# how to make ridge cap shingles with tabless architectural shingles



## Scuba_Dave

I don't think it will look right at all
I bought the matching ridge shingles for my roof


----------



## Ed the Roofer

The laminated pieces will wind up sticking up and out like a sore thumb.

You can either buy the Hip and Ridge Cap shingles that come pre-perforated from the same manufacturer.....

ot

You can see if the color from the 3-tab from that same manufacturer or another one precisely or even just closely matches the color of the architectural shingle you are installing.

You will regret it if you use the laminated architechturals now and have to replace them in the future.

Ed


----------



## RippySkippy

Several years ago I roofed my old house with the same shingles, and just cut up a standard shingle into thirds and angle cut the "upper half" of the shingle (image below) and laid them as normal. I found if I trimed the corners, they laid better. BTW when I shingled my house, I didn't have ready access to the matching ridge caps Now many stores sell them next to the bundles.

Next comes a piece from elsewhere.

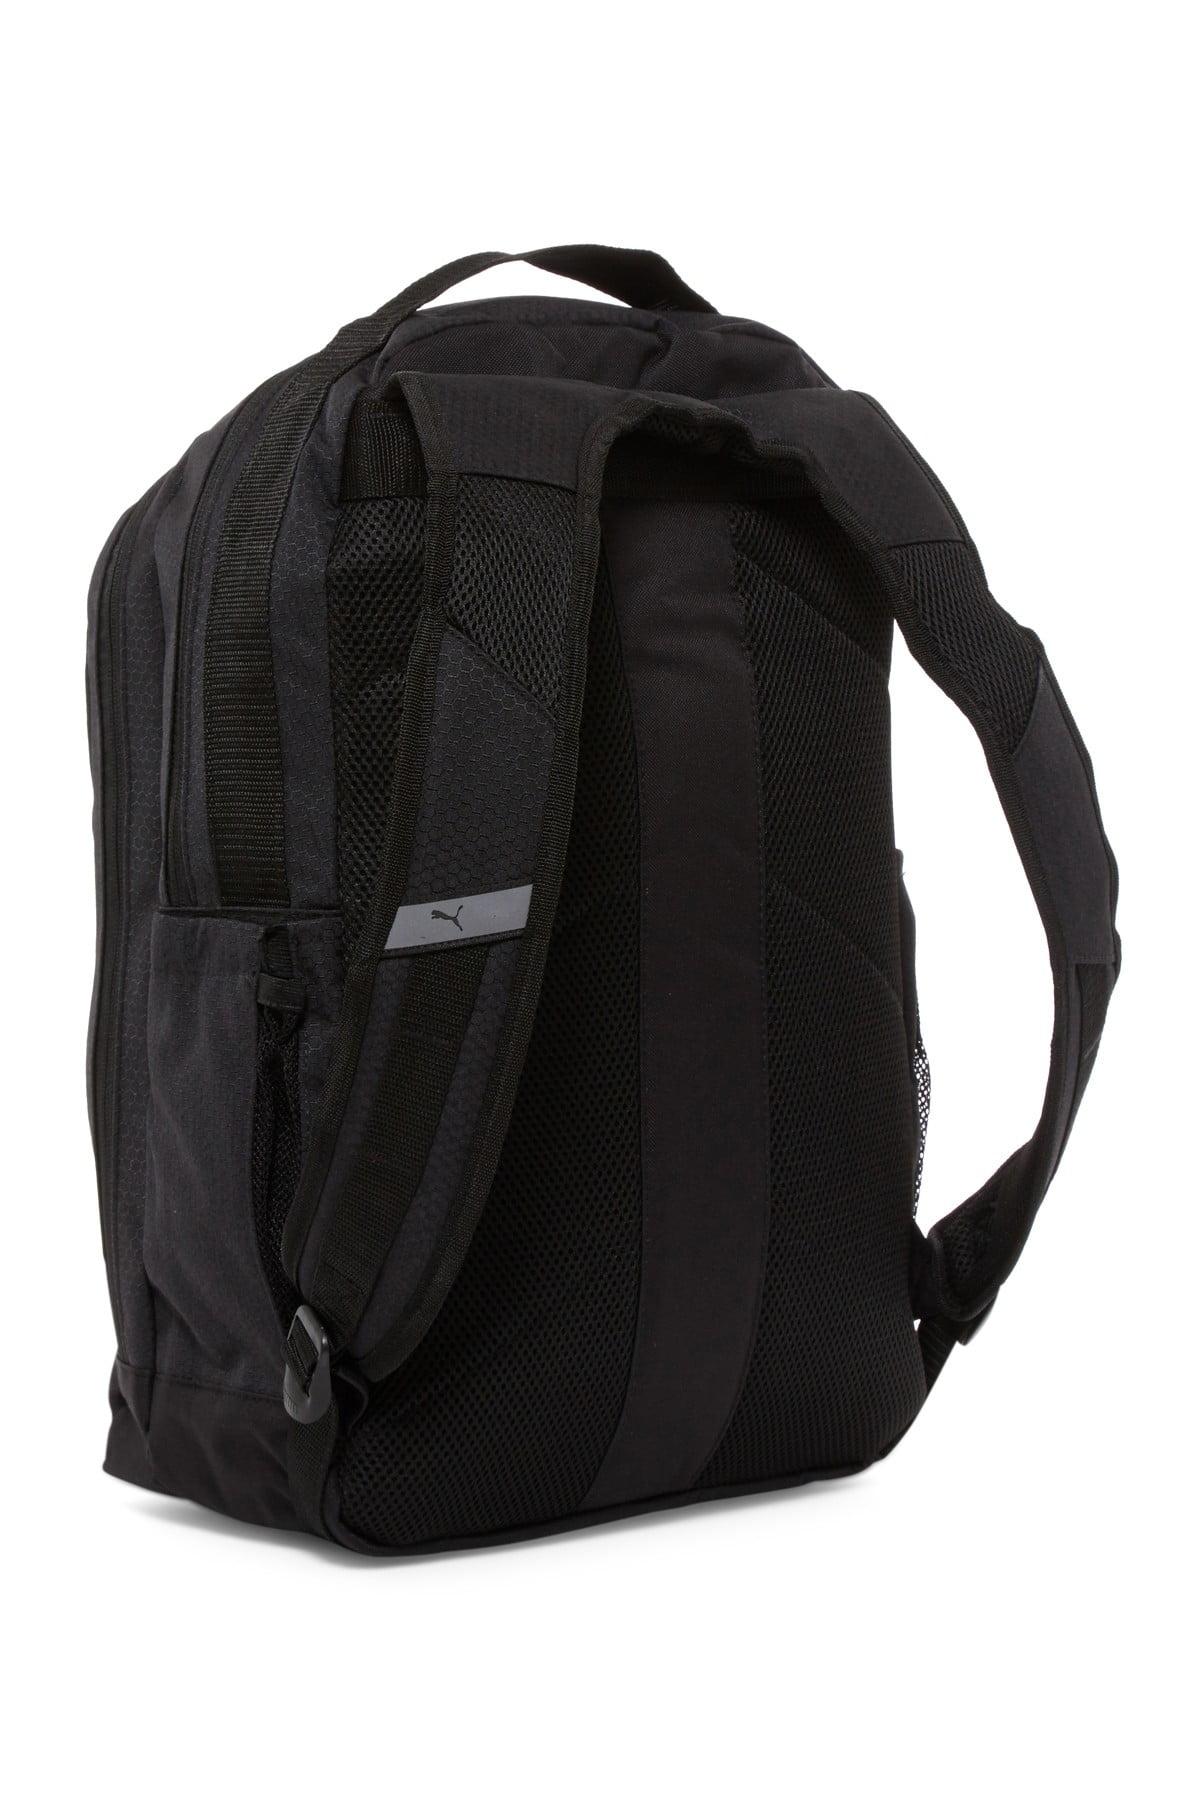 puma evercat equation 3.0 backpack

My roof was a straight run ranch with a 4/12 pitch. I don't think I would try it with anything steeper as they may not bend and lay flat over the ridge. Nor were they installed over a ridge vent.

They looked fine, I kept watch to see if the layers were separating over the ridge, I suspected they would so I kept an eye out. When I sold the house a couple of years ago...after 10 years it was fine.


----------